Therapeutic effects of α-lipoic acid on bleomycin-induced pulmonary fibrosis in rats

• Published in: International journal of molecular medicine Vol. 19; no. 6; pp. 865 - 873
• Main Authors: Liu, Rui, Ahmed, Kazi, Nantajit, Danupon, Rosenthal, Frank, Hai, Chun-Xun, Li, Jian
• Format: Journal Article
• Language: English
• Published: Greece D.A. Spandidos 01.06.2007
• Subjects: Animals; Antioxidants - therapeutic use; Bleomycin; Bronchoalveolar Lavage Fluid - chemistry; Gene Expression Profiling; Glutathione - analysis; Glutathione Disulfide - analysis; Hydroxyproline - analysis; Lung - chemistry; Lung - metabolism; Male; Matrix Metalloproteinase 1 - genetics; Matrix Metalloproteinase 1 - metabolism; Oxidative Stress; Pulmonary Fibrosis - chemically induced; Pulmonary Fibrosis - drug therapy; Pulmonary Fibrosis - pathology; Rats; Rats, Sprague-Dawley; Thioctic Acid - therapeutic use; Tissue Inhibitor of Metalloproteinase-1 - genetics; Tissue Inhibitor of Metalloproteinase-1 - metabolism
• ISSN: 1107-3756; 1791-244X
• DOI: 10.3892/ijmm.19.6.865

Pulmonary fibrosis (PF) is a major side effect of radiotherapy and chemotherapy. Recent clinical trials, unfortunately, have failed to identify any therapeutic agent which has the potential to reduce the consequences of this devastating condition.

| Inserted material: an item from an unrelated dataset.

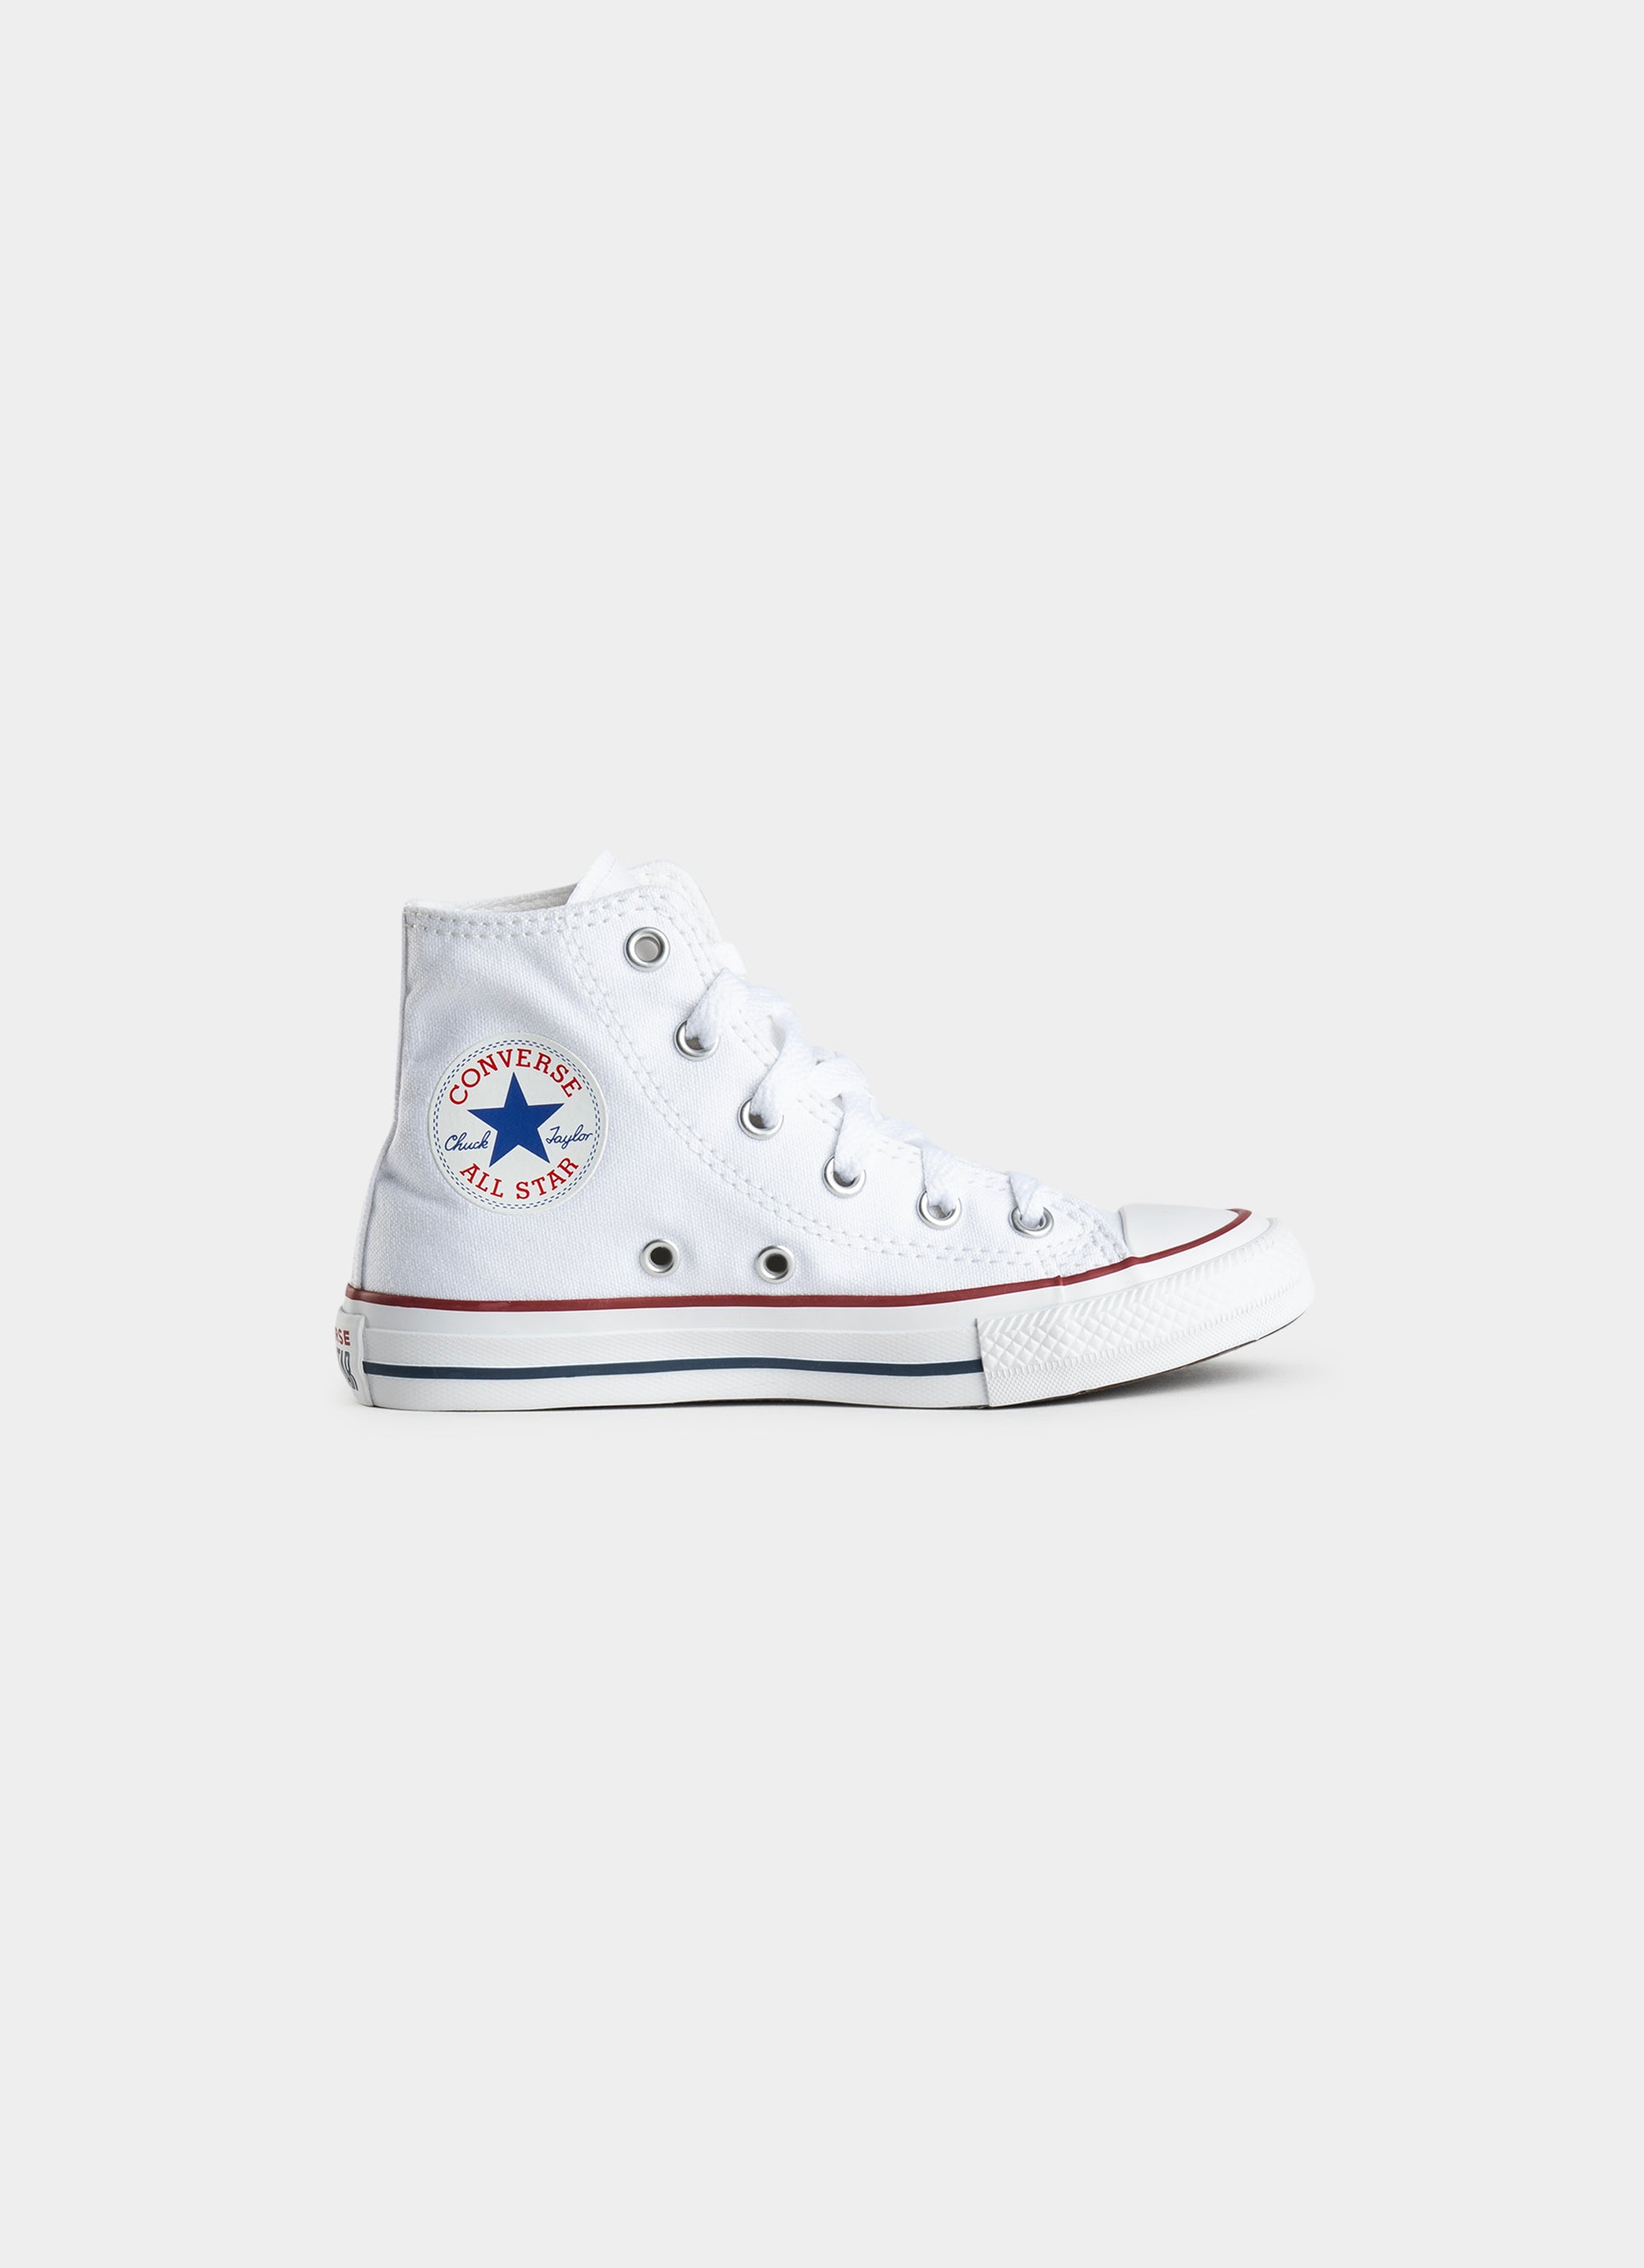 Converse Chuck Taylor All Star Low Shoe - Kids | Converse | Red Rat

Reactive oxygen species and tissue remodeling regulators, such as metalloproteinases (MMPs) and their inhibitors (TIMPs), are thought to be involved in the development of PF. We investigated these factors to determine the protective effects of antioxidant α-lipoic acid (LA) against antineoplastic agent bleomycin (BLM)-induced oxidant lung toxicity in Sprague-Dawley rats. At different time intervals after BLM administration, pathological changes of the lung were analyzed with the measurement of total protein in bronchoalveolar lavage fluid (BALF), hydroxyproline (HYP) content and the level of three oxidative stress markers, i.e. malondialdehyde (MDA), the GSH/GSSG ratio, and total antioxidative capability (T-AOC). Also, the expression changes of MMP-1 and TIMP-1 were measured. At day 14 or 28 after BLM administration, protein content in BALF, and HYP, MDA and T-AOC contents of the lung increased significantly with a decreased GSH/GSSG ratio, implicating an increased efflux of GSSG from the lung and consumption of GSH. In contrast, treatment with LA protected BLM-induced pulmonary injury by suppressing oxidative stress with the reduction of MDA, and the enhancement of the GSH/GSSG ratio and T-AOC. The BLM-stimulated symptoms of PF were relieved with significant reduction of HYP and total proteins in LA-treated rats. LA also ameliorated the MMP-1/TIMP-1 ratio. These results suggest that LA inhibits BLM-induced lung toxicity associated with oxidative damage. Therefore, antioxidant LA has a potential therapeutic effect in the prevention and alleviation of PF.